First of all, it is important to distinguish between multiple things, all of which are often called 'forks'.
- The existence of two or more competing versions of history. These happen unintentionally in proof-of-work consensus systems when two miners produce a candidate block around the same time. These get resolved automatically.
- Software projects branching off from another one. These are not generally (but could be) associated with a change to the ledger/rules.
- A change in the rules about the validity of blocks (which additions to the ledger are accepted).
My view is that in a perfect world, (3) would never be necessary. We would all agree on what properties the system should have, encode those into software, and never touch those rules again. Reality is different of course, and sometimes changes to the system's rules are necessary - due to improve the technology, or to prevent against certain weaknesses or attacks. However, I do feel that cryptocurrencies (in general, as a research topic) intend to approach that goal, and are an experiment in building a system that lacks the need for human control. One of its value propositions is the prospect of creating a monetary system that is beyond control.
So how do we accomplish that? Clearly developers of node software that implements these rules have a strong influence over how it works. However, this influence is not absolute control. When you run a fully validating node, it comes with certain rules programmed in. It won't ever accept a chain of blocks that doesn't satisfy those rules. Only its operator can change that software to another version which has different rules. Developers can of course publish new versions that changes things, but they need to take into account that not everyone may update. Depending on the type of change, if significant (and not necessary large) parts of the ecosystem choose to not adopt an update, this can cause the ledger to split (where the result is 2 separate currencies, with each pre-existing coin spendable once on both sides). This risk is a strong deterrent to adopting changes, unless it is clear that those changes will be universally accepted.
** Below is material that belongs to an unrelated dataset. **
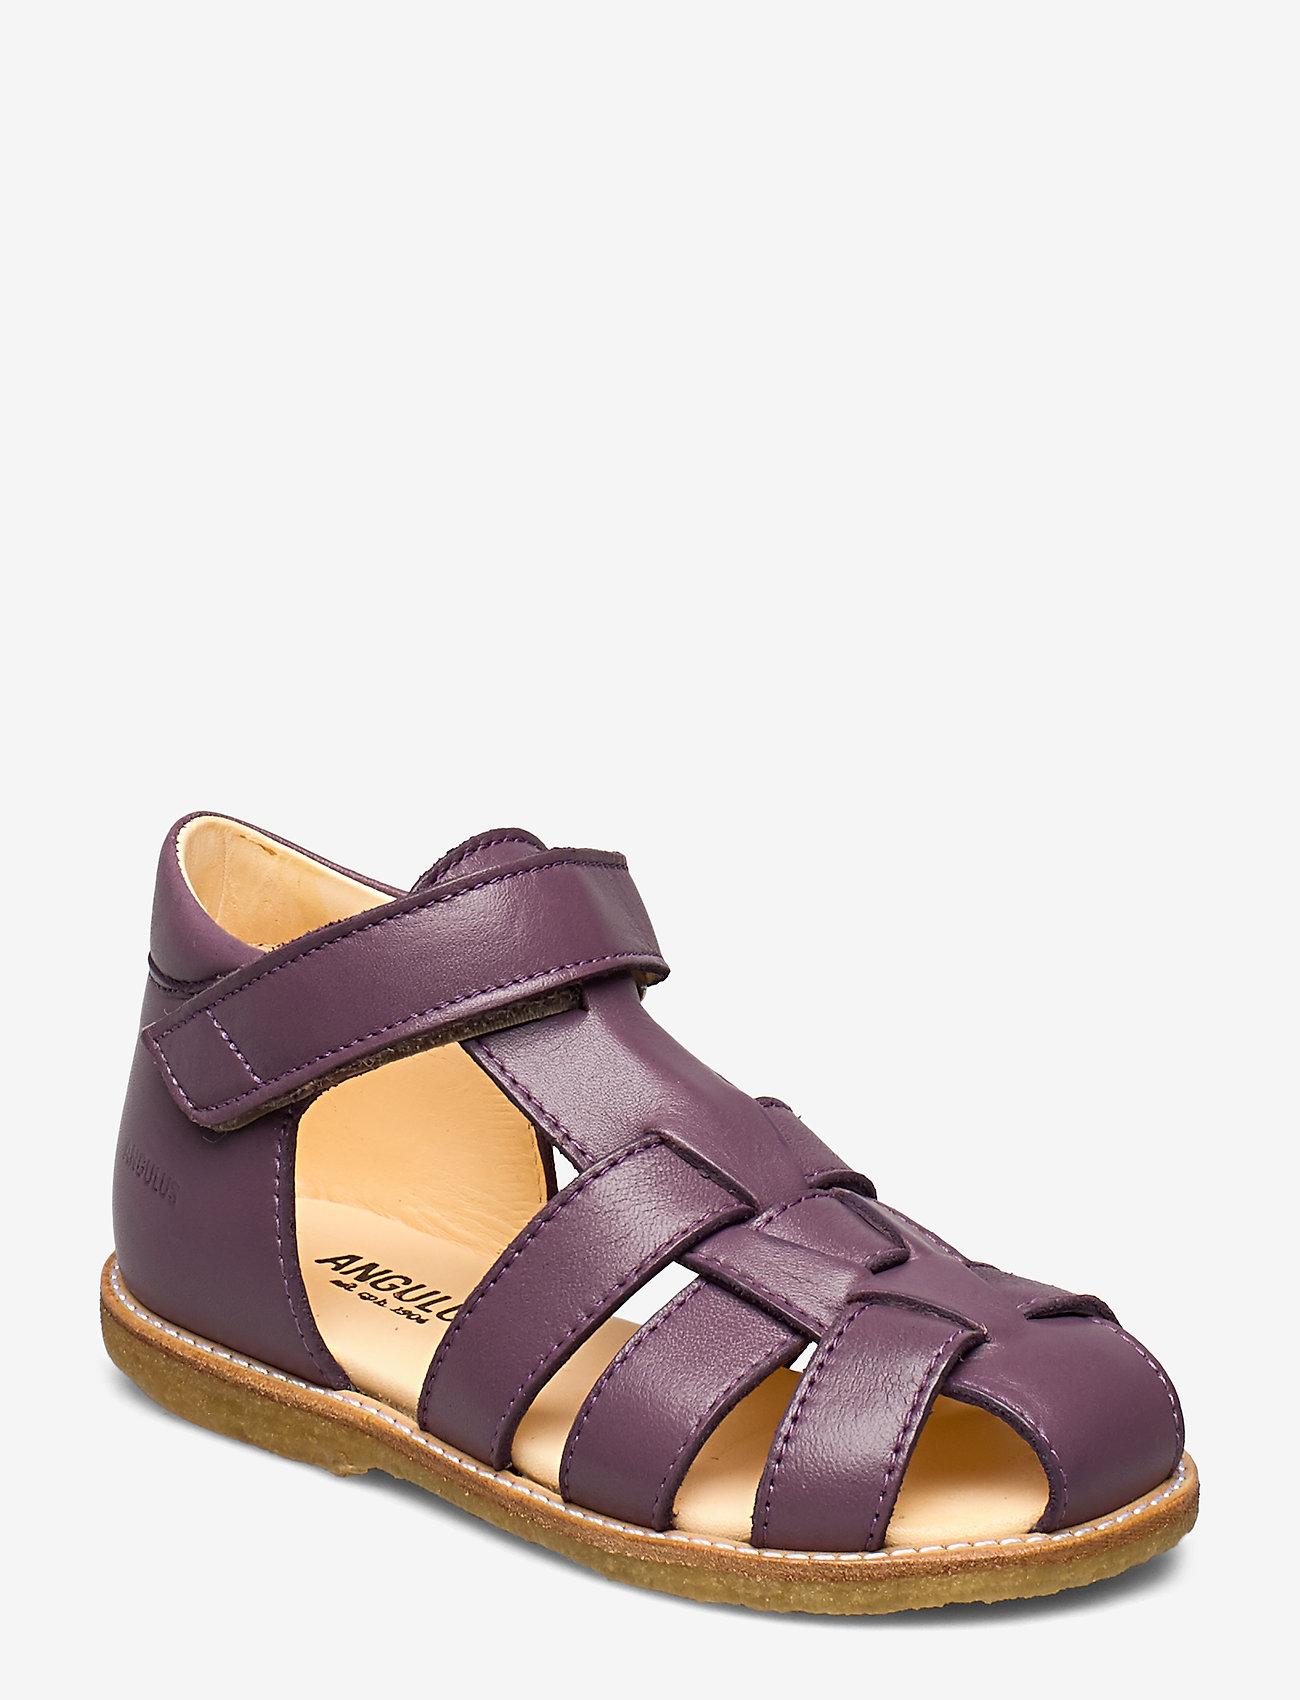 ANGULUS - Baby sandal - sandals - 1568 lavender - 0

So to answer your question:
Who are these people and how who holds them accountable?
You are.
Cryptocurrencies have the unique property that all of the system's rules are verifiable by everyone. By running software that implements the rules you want, you know that the system maintains those properties. Anyone who wishes to change these will at least need to convince you to change your software (this is why Bitcoin Core intentionally does not have an auto-update function, for example - it would place far too much power in whomever has control over the auto-update server).